## Task directions
In the records below, find the line holding "GROUP OUTINGS (Infographic)" and the line holding "Buy the Remus". Set down both, with every line between them, exactly.

## Records supplied
----
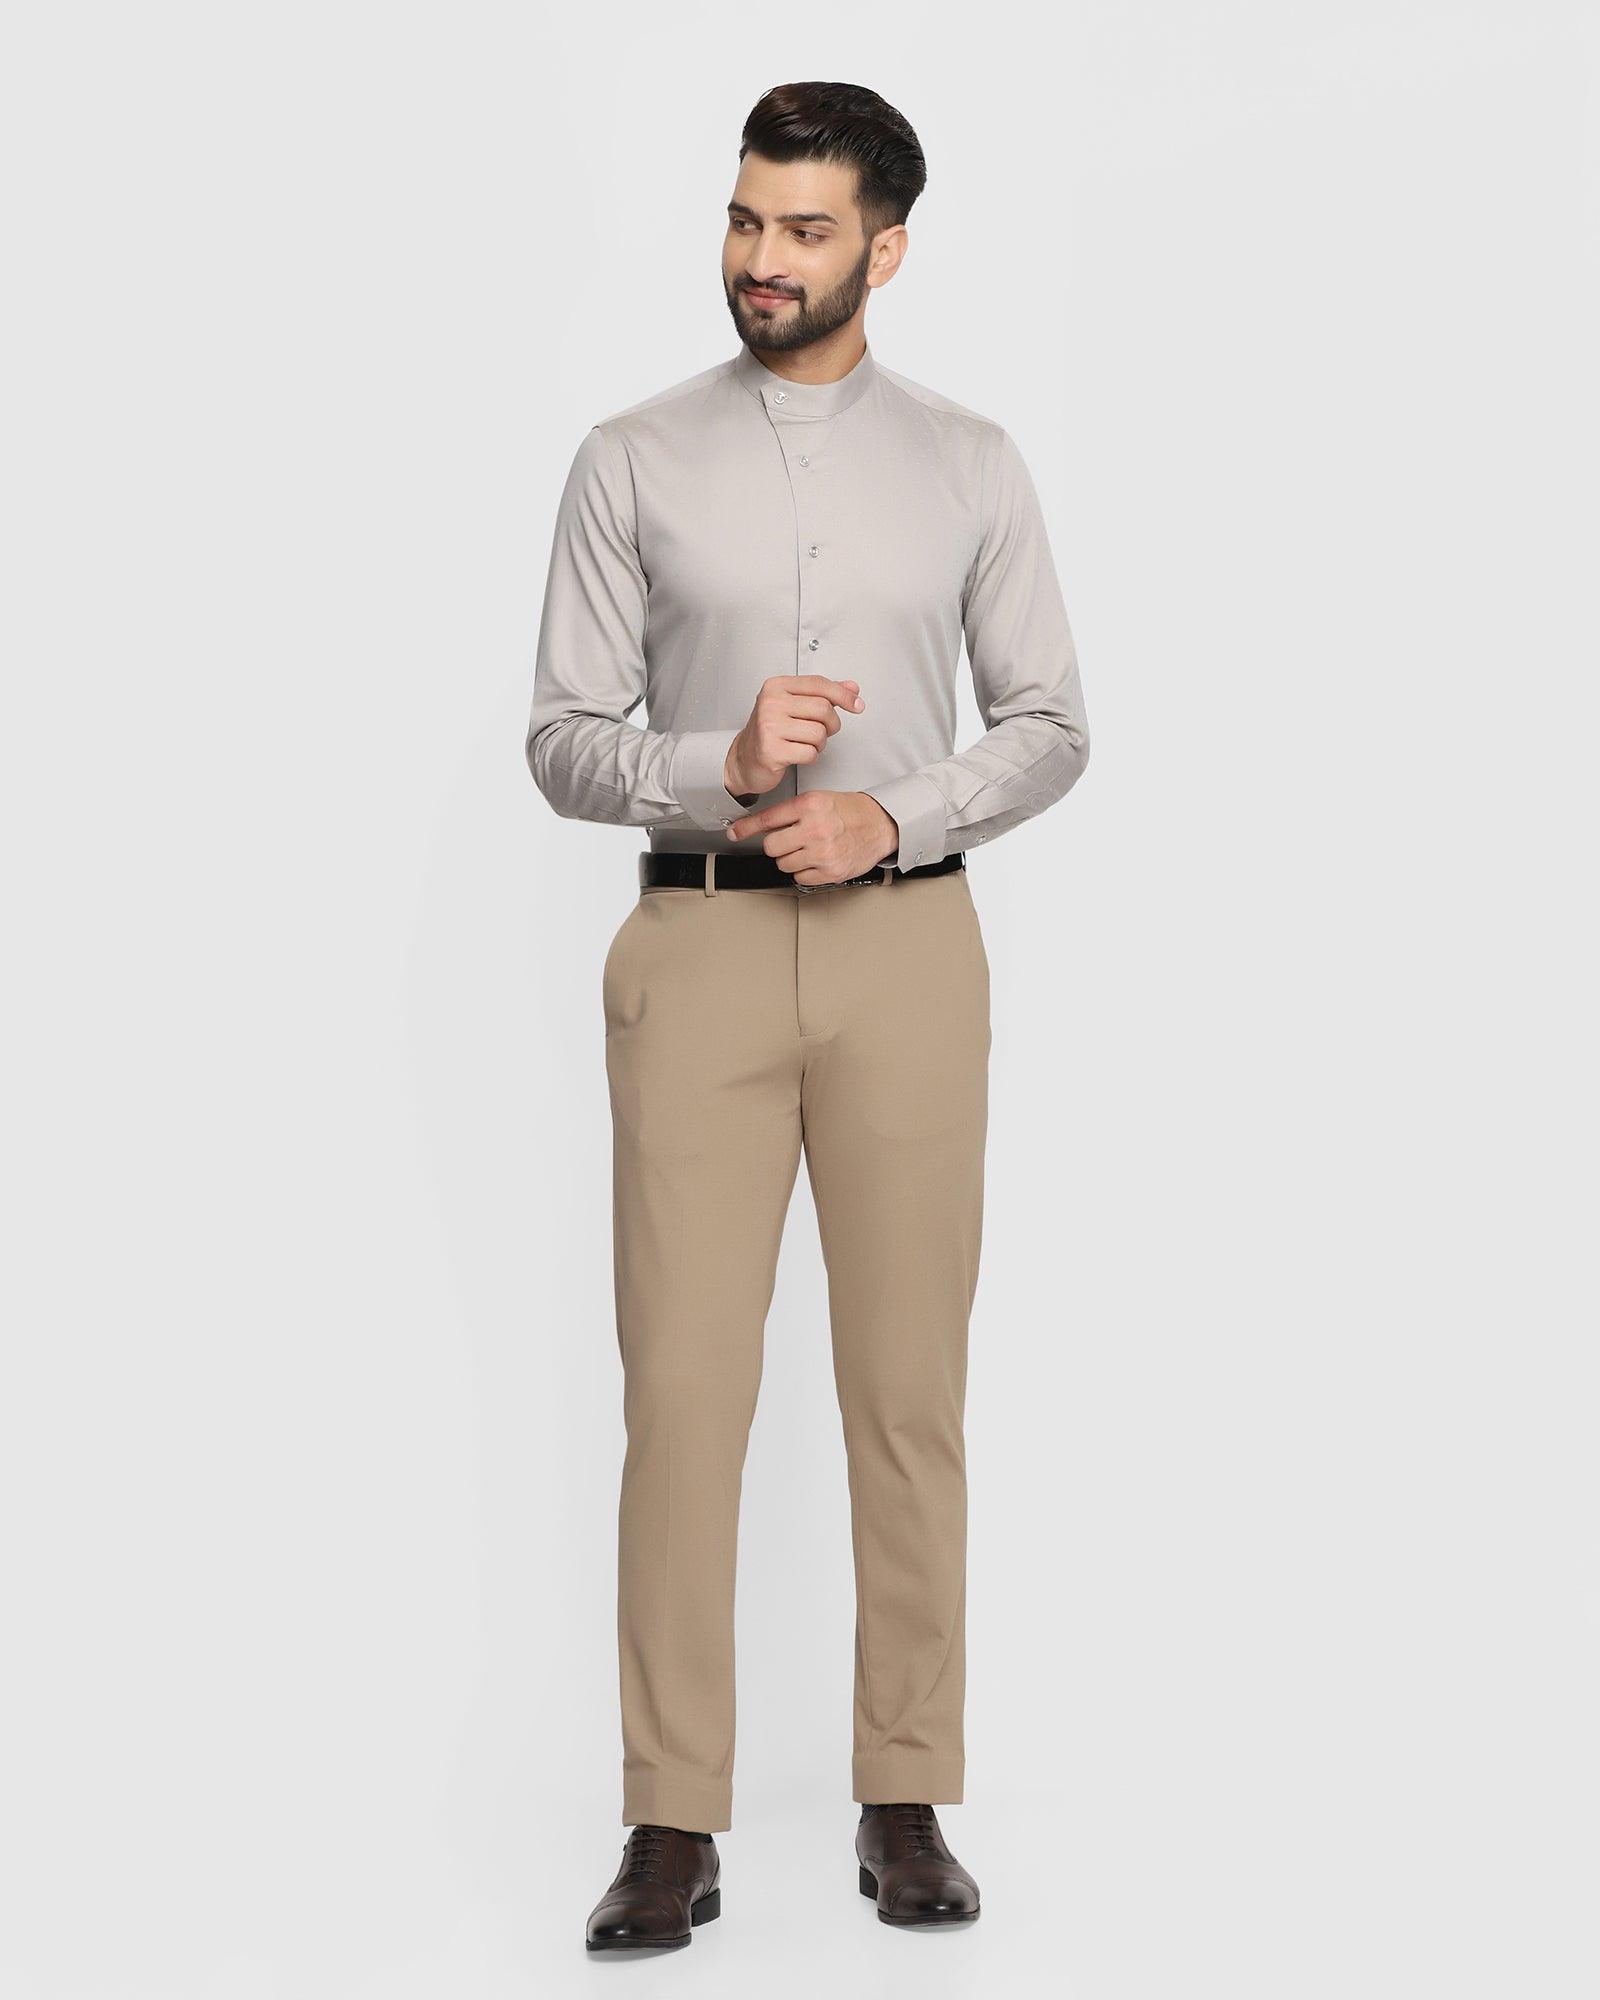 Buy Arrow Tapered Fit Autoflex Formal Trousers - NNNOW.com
----
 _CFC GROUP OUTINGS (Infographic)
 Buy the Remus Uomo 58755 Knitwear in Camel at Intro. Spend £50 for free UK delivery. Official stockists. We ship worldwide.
----
## Completed task
 _CFC GROUP OUTINGS (Infographic)
 Buy the Remus Uomo 58755 Knitwear in Camel at Intro. Spend £50 for free UK delivery. Official stockists. We ship worldwide.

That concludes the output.